● INSTRUCTIONS TO FOLLOW: Instruction for the data below: set down exactly the lines from the line with "Baskin-Robbins Blue - Colorxs" to the line with "Bailey Hat Co.", inclusive, and no others.

════════

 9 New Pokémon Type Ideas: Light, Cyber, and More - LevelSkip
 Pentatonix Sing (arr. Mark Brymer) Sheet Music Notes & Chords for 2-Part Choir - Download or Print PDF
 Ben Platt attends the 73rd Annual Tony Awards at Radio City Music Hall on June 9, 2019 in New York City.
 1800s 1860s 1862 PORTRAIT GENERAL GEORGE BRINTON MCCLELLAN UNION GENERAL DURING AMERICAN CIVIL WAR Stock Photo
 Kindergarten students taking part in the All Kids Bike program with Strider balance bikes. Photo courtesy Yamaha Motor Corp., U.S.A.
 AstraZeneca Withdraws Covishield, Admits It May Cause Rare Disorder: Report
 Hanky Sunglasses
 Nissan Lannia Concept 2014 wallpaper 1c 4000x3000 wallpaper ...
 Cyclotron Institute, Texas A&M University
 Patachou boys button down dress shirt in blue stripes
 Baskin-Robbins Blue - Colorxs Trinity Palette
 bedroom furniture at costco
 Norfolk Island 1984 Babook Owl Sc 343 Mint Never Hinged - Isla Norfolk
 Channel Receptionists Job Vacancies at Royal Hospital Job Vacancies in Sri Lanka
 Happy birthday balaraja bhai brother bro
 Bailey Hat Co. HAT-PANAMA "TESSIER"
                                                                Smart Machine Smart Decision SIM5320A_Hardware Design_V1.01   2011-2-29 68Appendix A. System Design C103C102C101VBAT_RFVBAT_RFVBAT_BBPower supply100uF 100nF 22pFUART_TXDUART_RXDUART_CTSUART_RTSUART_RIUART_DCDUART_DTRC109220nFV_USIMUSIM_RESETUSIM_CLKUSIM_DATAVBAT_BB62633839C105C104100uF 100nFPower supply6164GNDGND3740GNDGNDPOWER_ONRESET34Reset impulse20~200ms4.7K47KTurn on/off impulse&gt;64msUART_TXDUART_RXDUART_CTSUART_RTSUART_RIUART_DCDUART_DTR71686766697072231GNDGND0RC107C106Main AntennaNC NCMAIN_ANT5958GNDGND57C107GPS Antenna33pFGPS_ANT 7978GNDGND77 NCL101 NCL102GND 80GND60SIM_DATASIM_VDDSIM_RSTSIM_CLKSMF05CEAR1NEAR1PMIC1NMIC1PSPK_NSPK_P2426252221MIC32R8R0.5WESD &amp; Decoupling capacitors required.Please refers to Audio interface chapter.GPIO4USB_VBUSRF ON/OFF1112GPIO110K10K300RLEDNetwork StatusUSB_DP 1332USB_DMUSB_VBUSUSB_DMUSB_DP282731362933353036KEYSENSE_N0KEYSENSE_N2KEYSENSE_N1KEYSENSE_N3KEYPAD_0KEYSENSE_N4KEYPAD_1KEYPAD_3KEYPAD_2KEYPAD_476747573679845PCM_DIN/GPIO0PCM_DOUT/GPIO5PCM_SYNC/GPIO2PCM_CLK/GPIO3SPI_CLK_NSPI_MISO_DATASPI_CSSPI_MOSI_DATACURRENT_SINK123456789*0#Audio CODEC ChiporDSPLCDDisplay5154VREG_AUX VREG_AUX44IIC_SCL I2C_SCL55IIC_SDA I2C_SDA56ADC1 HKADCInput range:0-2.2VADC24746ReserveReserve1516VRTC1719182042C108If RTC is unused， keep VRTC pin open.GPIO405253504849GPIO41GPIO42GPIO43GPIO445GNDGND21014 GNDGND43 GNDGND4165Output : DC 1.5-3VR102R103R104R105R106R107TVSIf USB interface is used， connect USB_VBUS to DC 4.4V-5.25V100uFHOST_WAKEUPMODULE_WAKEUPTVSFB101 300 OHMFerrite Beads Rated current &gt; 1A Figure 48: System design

════════

● EXPECTED ANSWER:
 Baskin-Robbins Blue - Colorxs Trinity Palette
 bedroom furniture at costco
 Norfolk Island 1984 Babook Owl Sc 343 Mint Never Hinged - Isla Norfolk
 Channel Receptionists Job Vacancies at Royal Hospital Job Vacancies in Sri Lanka
 Happy birthday balaraja bhai brother bro
 Bailey Hat Co. HAT-PANAMA "TESSIER"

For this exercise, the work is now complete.